This Indeed Is Poem by Sadiqullah Khan

This Indeed Is



"Fihi ma fihi",
Did you read this before,
It is what it is
Or what else it could be,
Much more, and it was.
This was the teacher.

This is what it is,
And is not what it is not.
For the voices,
And that,
I have put words on fire.

This indeed is,
The unlettered saint
Cum wanderer
Heeding the iconoclast's
Blow, with the cynic's
Sharp blade.

This indeed is the log,
Thrown out.
Let it catch fire itself,
Let it burn in own ash.

I have gone deeper
Down the ocean,
Swimming back, to
My own sky.

The sun shines above,
Far more brighter
Far more near.

Hold your chin high,
May the full moon fall
In your palm.

Sadiqullah Khan
Islamabad
May 28,2014.

"I like to think of literature and painting as something that continuously changes its frame of reference; non-working as outside/beyond such a frame of reference to what we like to see as a meaningful work; non-working asks what is meaningful work; non-working presents the continuous dialogue we engage with, as in "it works, it doesn't work, it works, it doesn't work…"; non-working as the inevitable failure of this show; and to make it five, non-working as something we thoroughly enjoy and still pursue with gusto." Hendrick Wittkopf

Non-working by Hendrick Wittkopf @ 3: Am Magazine. Whatever it is, we are against it. Blog

Saturday, June 7, 2014
Topic(s) of this poem: love and art
POET'S NOTES ABOUT THE POEM
Thank you Kanwal Amjad.

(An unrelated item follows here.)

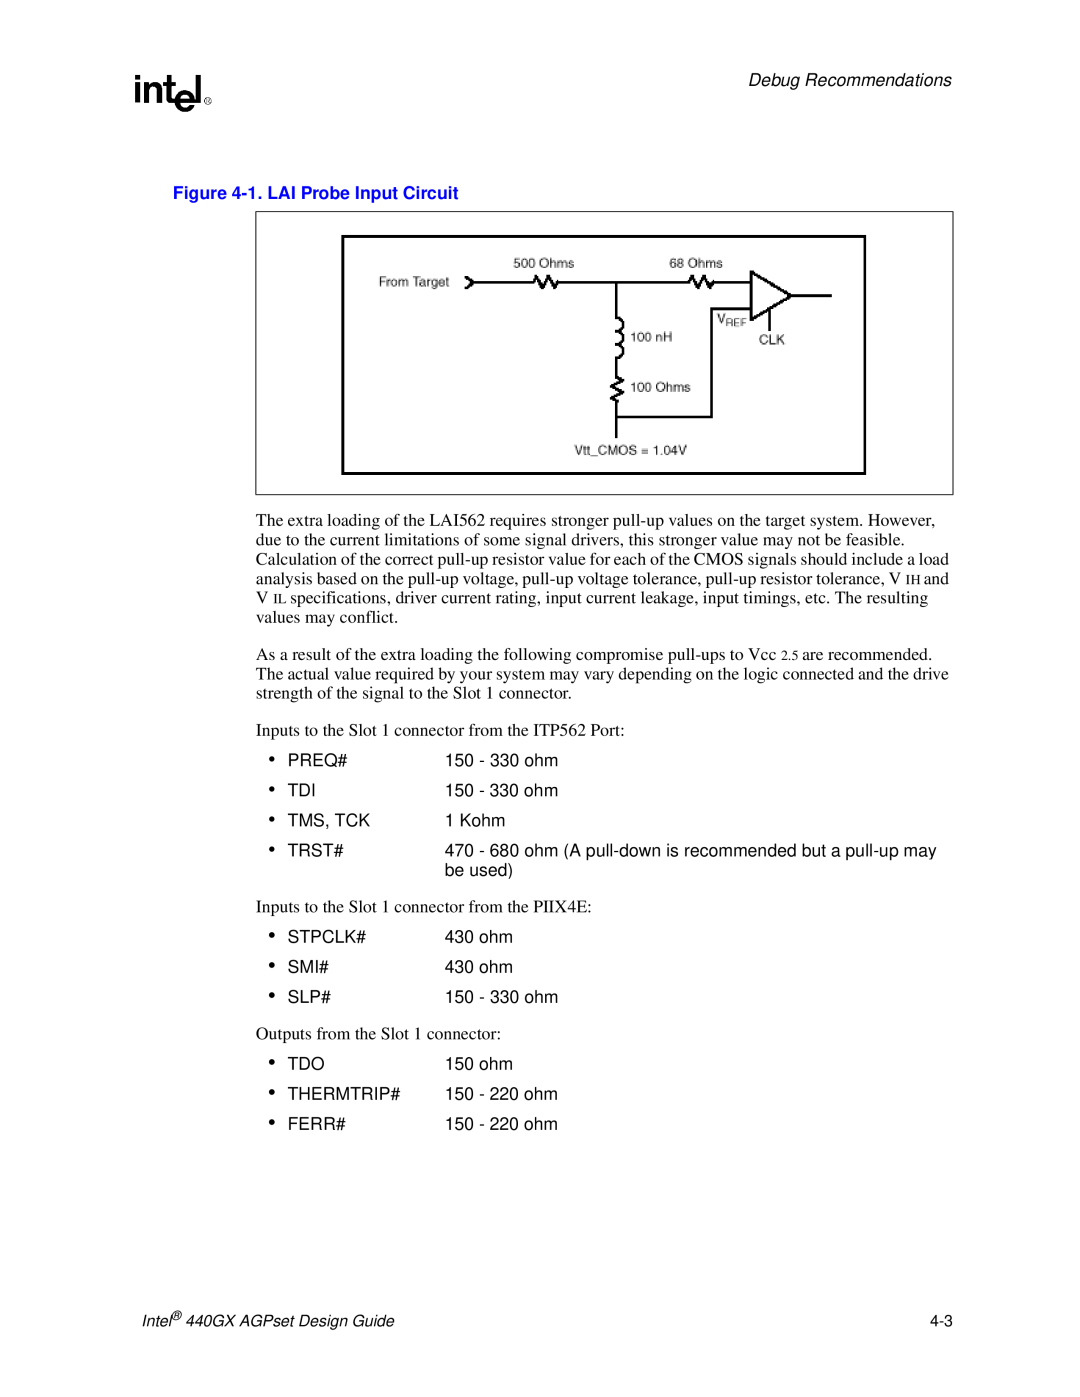 Intel 440GX manual 1. LAI Probe Input Circuit, Debug Recommendations 
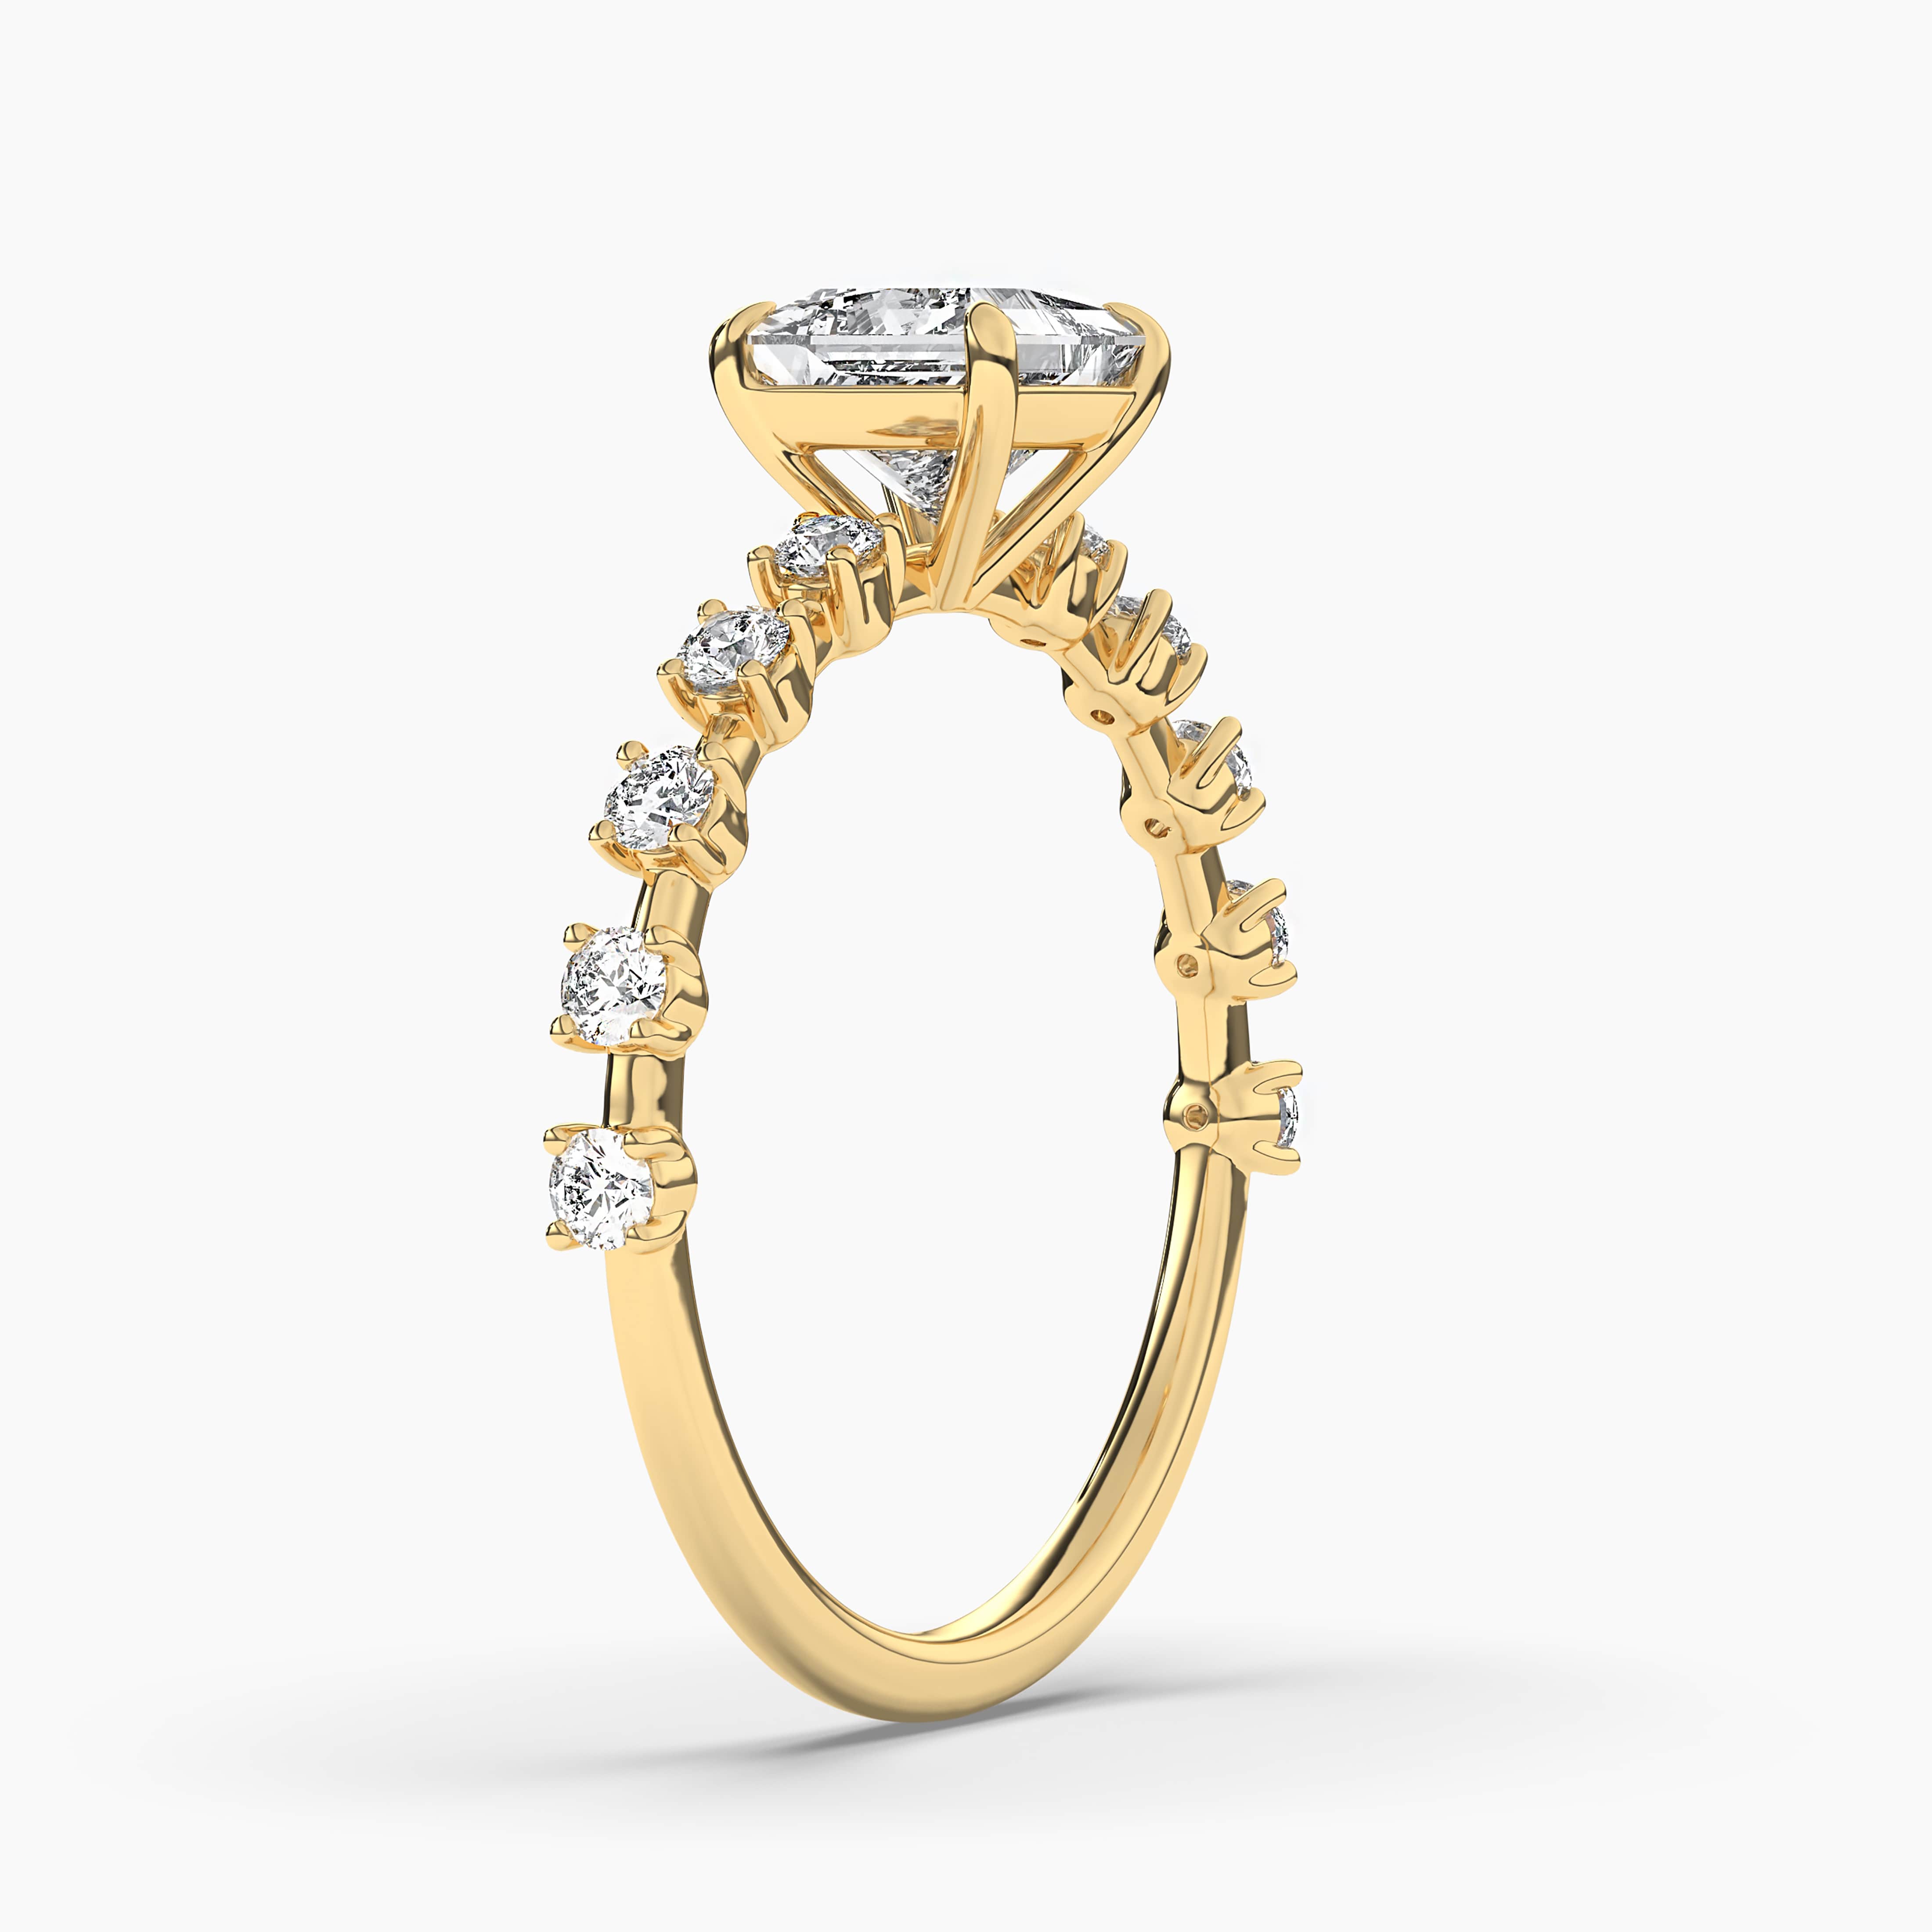 Princess Cut Diamond Solitaire Engagement Ring with Pave Diamonds

This was a difficult composition. You know that Fihi ma fihi is Rumi's book, and means 'It is what it is' so the reference to the teacher. I had once written about my book, as ‘this is what it is and is not what is not'. For a while I felt it too realistic. And so is putting words on fire. 'I have put all my loves there, I have put words on fire'. The next is reference to Shams Tabriz, unlettered, although he was very literate. An iconoclast and a cynic (cynic according to R.A.Nicholson) . When Shams was being initiated into his spiritual path, one of his teachers had remarked that ‘put him aside like a log, so that he catches fire himself'. The deeper sea, and coming out with ‘own sky', is again Shams Tabriz. The last two stanzas are Shams Tabriz's dialogue with a theologian, who was looking down to see the reflection of sun. The last sums up the ‘the moon in the palm', as the state of elation.